In February I received a mammogram result of Birads 4-two areas of suspicious calcs in the same region of 10mm. Wire localization and excisional biopsy followed-all suspicious tumor was removed. Pathology diagnosis was Atypical Hyperplasia. I felt uncomfortable and wanted prophylactic mastectomy 4 months later. The surgeon/oncologist said a second pathology opinion was standard procedure before proceeding, although did not expect a new diagnosis. Second and third pathologists concurred on DCIS grade 2 with comedo necrosis. I immediately proceeded with bilateral mastectomies, no lymph node procedures.

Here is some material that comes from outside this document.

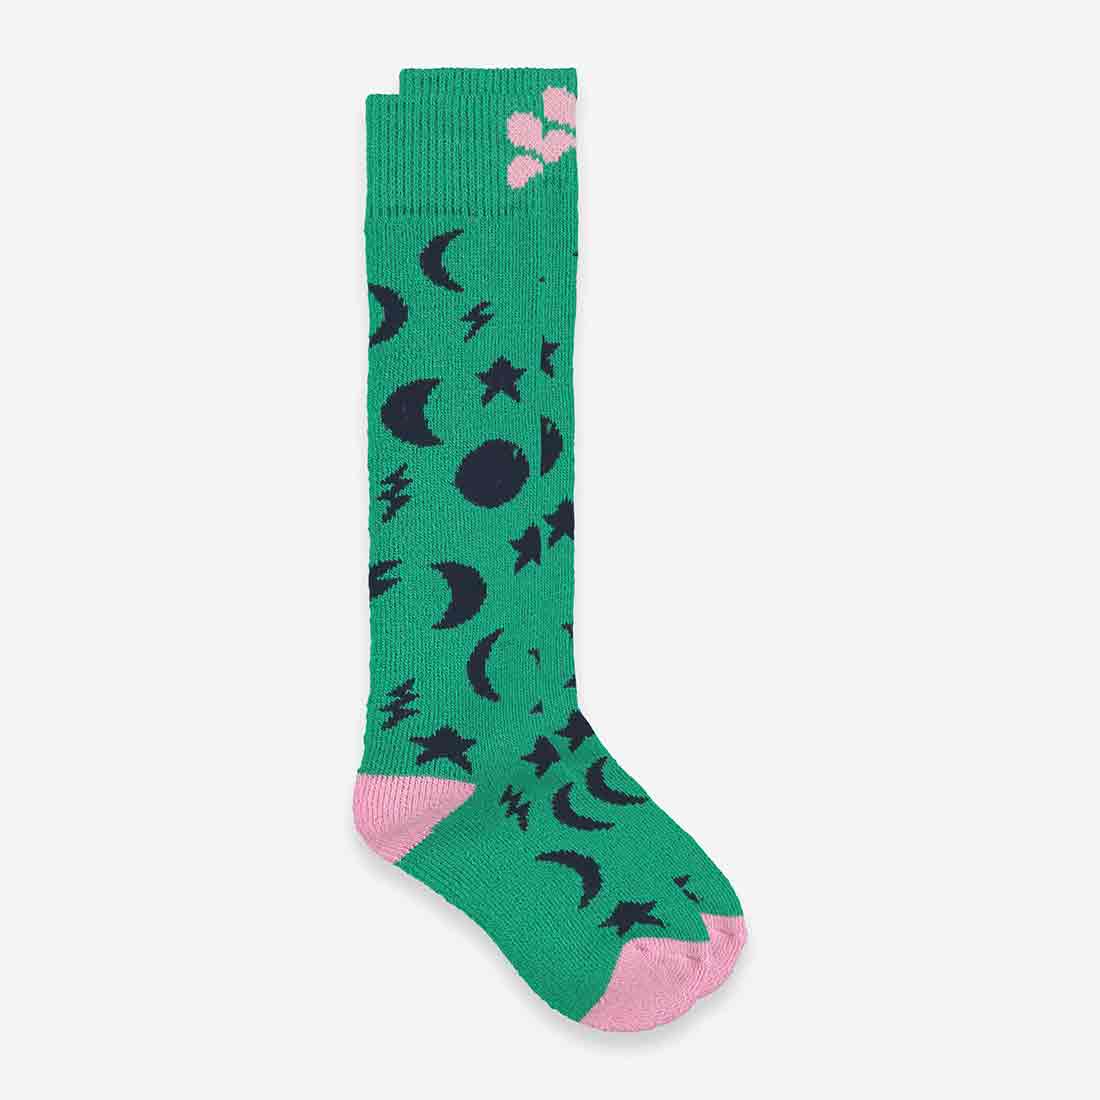 Puddlestomper Socks Green

Final mastectomy pathology indicated no residual carcinoma and no other areas of anything other than usual hyperplasia. The oncologist said my simple mastectomy is more than sufficient treatment. I am scared now, having recently read about micromets resulting from biopsies. The complete excision was done four and a half months before the mastectomies. Do I need systemic chemo?

 

A:  

no chemo! definitely not. you are basically cancer free and had more surgery than needed to begin with. consider yourself home free...


 Question: 
#2399

8/18/2006
   

Q:  

I am 54 years old. I had a mammorgram that came up with a 1.4 cm. lobulated nodule in the outer left breast. I have to go for a diagnostic mammogram as well as an ultrasound. What are the chances for this being malignant?

 

A:  

general stats would say 20% risk. your radiologist though can tell you more specifically how suspicious it looks so ask him.


 Question: 
#2400

8/19/2006
   

Q:  

I am 46 years old, still have my periods but recently I have been experiencing a dull ache, burning sensation and itching in the upper part of my right breast as well as under my arm and round to my shoulder blade. Sometimes I have a sharp pain across the back of my shoulder blade as well. The itching is also in the right nipple which appears to be a sort of swollen. I've never had a breast examination or anything - should i be worried? or is this because i'm working too hard?

 

A:  

well, time for a clinical breast exam, and you should be getting one along with a mammogram every year. so go. do the right thing for yourself. without this there are no answers.